To find out more, I met up with Russell Clarke, a Portland spoon carver who works by day as an arborist. He started Portland Spoon Company after seeing so much raw material go through the chippers. Now he makes and sells spoons from local trees: “People bring me stuff at work, piles of plum from Eastmoreland, pine from Tigard, apple from Sellwood. There’s an infinite source of wood.” With so much passion for his craft, Clarke wants to inspire others. He teaches spoon carving at Wildcraft Studios in Portland, hoping to pass the skills along. “I wish there were more people carving. If no one ever bought my stuff again, I’d still carve.” When we met, he was leaning against the wall outside the bar, carving a spoon outside while he waited. Russell Clarke doesn’t mess around with his free time. He showed me the almost-finished spoon and some other examples, all smoothed with short knife strokes, as we went inside and chatted about his practice. Beginners, he says, tend to finish their first spoons in 3-4 hours. By the end of his classes, most people go home with useable spoons. It takes him about 30-45 minutes per spoon. (I don’t mention that I’ve been working on mine literally all summer, on and off, and barely finished recently.) For the spoon, you need wood. “Follow the sound of chainsaws and chippers,” Clarke jokes, emphasizing the abundance of material around any city. If you don’t get in the way of arborists and ask nicely, they’ll often give you wood for free. Out in nature you can look for fallen branches, but don’t cut green wood from trees. Good woods to use are ash, juniper, black walnut, maple, and fruit trees like apple, pear,

and plum. Birch, being soft and easy to find, is especially great for beginners. You need nothing more than a 3” diameter branch (about the size of a bar coaster, he neatly shows me), split in half, with the soft pith in the middle taken out. Square it off, and that’s your spoon blank! If you’re just getting started, you can also purchase blanks that are ready to go. Now to carving: The best advice is to learn how to hold a knife and how to move with it. Look it up, watch a video, or take a class. “Learn how you make the cuts. Don’t get stitches,” Clarke advises. “If you cut yourself, you’ll probably not want to come back to carving again.

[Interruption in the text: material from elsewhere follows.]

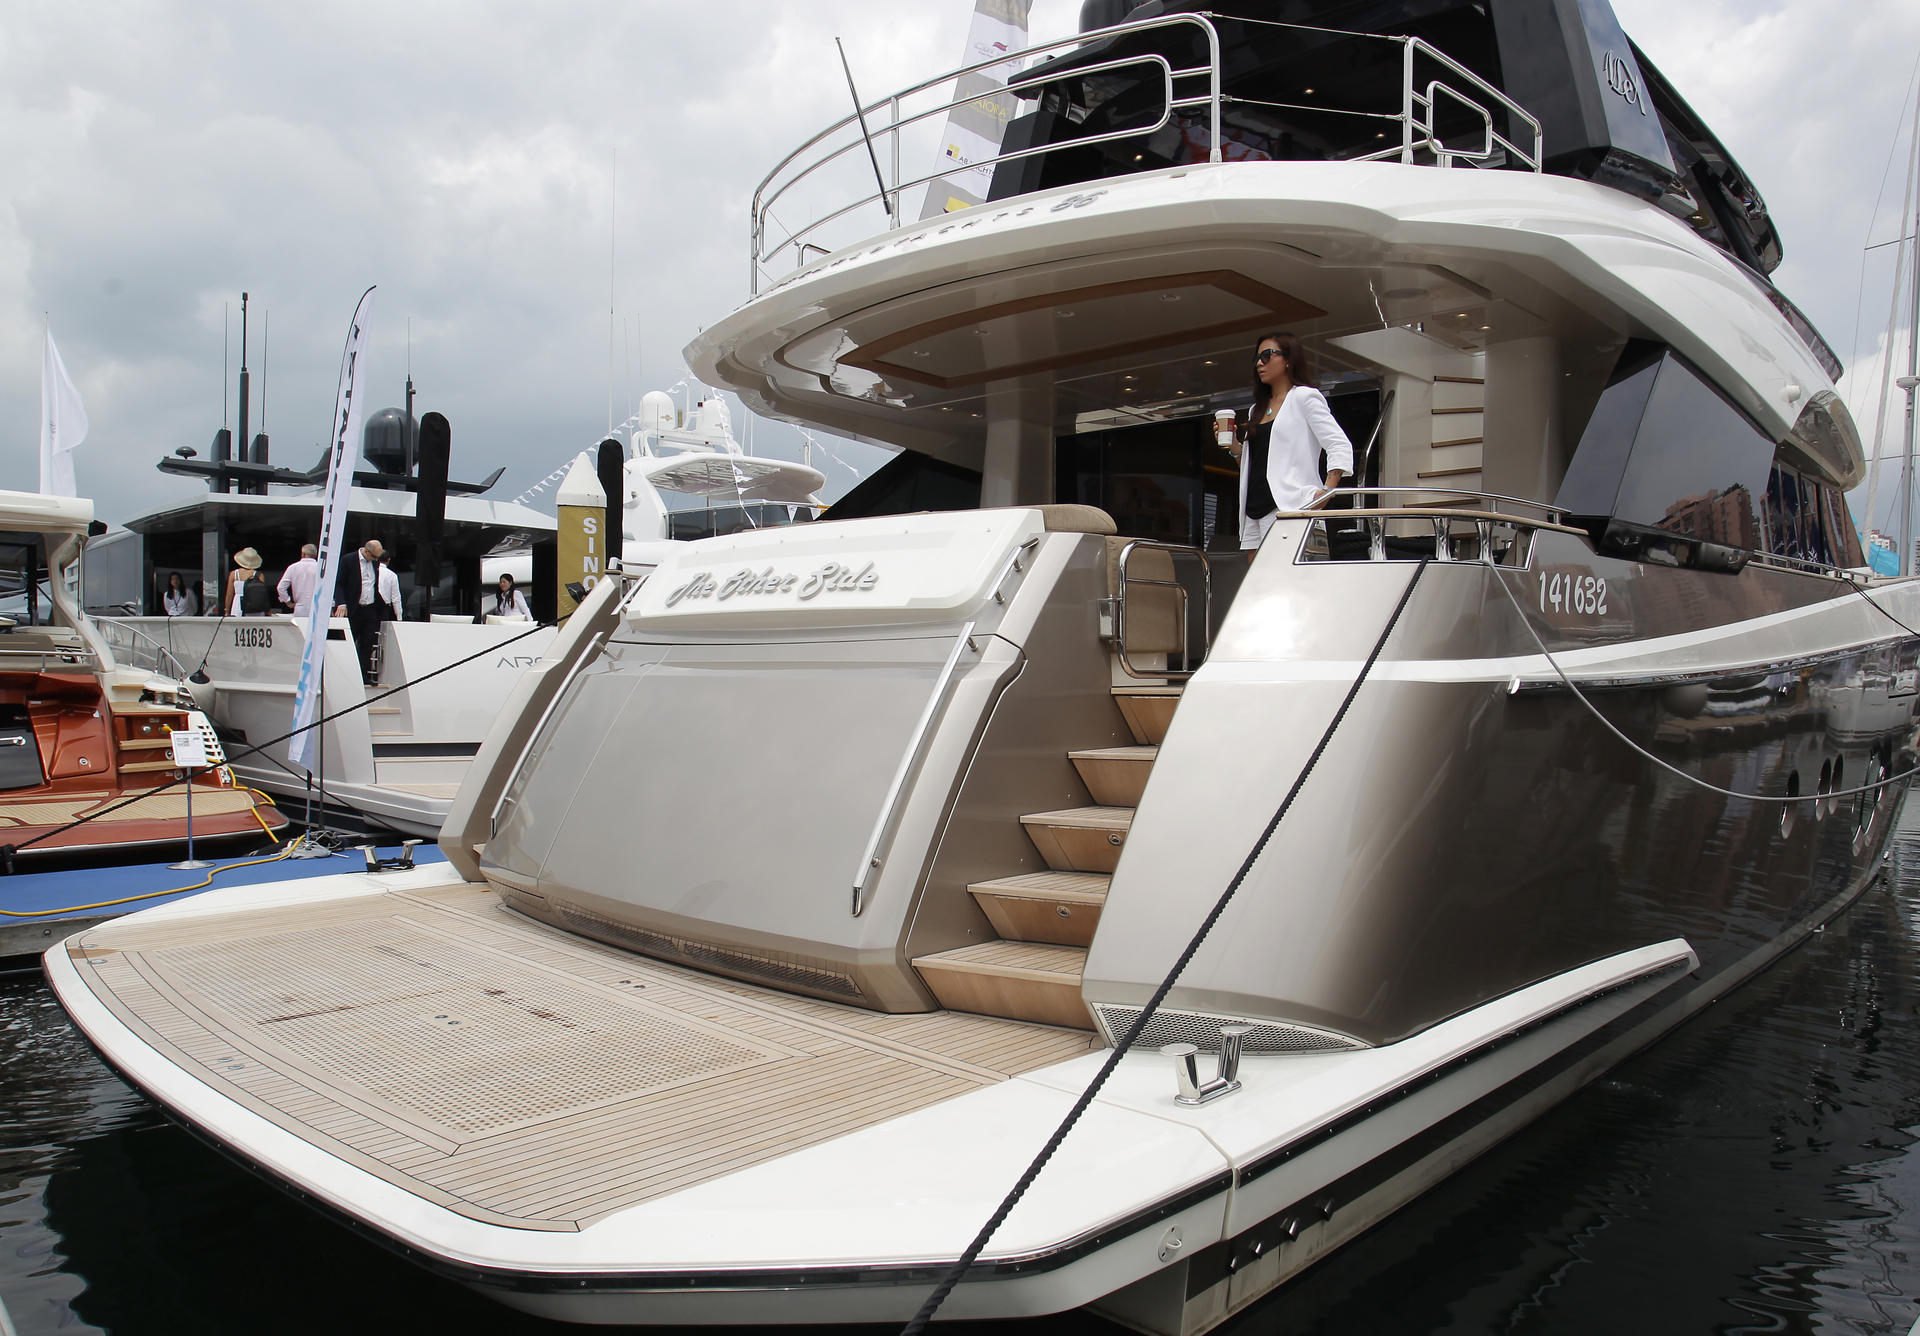 The MCY 86 is one of 70 vessels at the show. Photo: Dickson Lee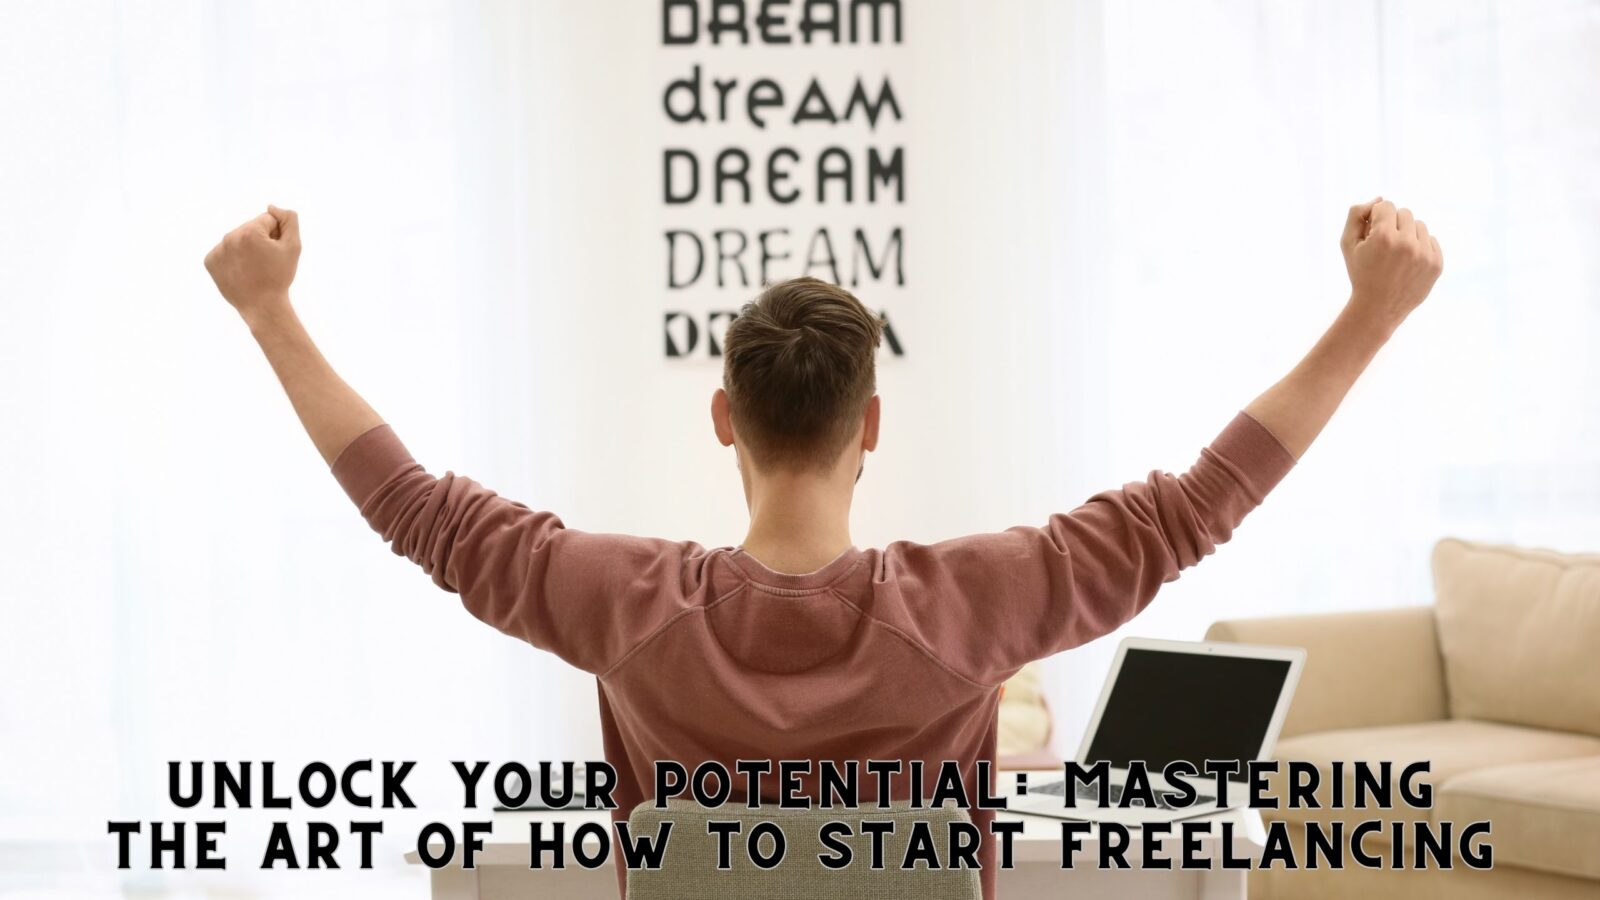 Unlock Your Potential: Mastering the Art of How to Start Freelancing

Take it slow. Pay attention.” As someone who just sliced through three fingers in one move, I concur. Don’t be like me. The end goal is to make something functional and pleasing. Your spoon should feel good in your hand. Perhaps that’s the most important part of this hobby. This thing I’m making feels good—I want to use it. It’s pleasant to hold, with a nice shape and weight. And, as Clarke says, don’t be afraid to give your spoon some personality. Every carver he comes across is different, and every spoon is, too. “People used to want uniformity. Nowadays, a lot of people want the wonky spoon.” I’ve got big plans for my new hobby after my three Band-Aids come off. I’m imagining a kitchen full of butter knives, spatulas, coffee scoops, and stirring sticks. Gifts for everyone! A never-ending dose of that sense of hipster self-sufficiency! In the meantime, I enjoy the process. The meditative swoop of each cut, the feel of the grain, the way the wood takes shape. I can see why Clarke keeps carving.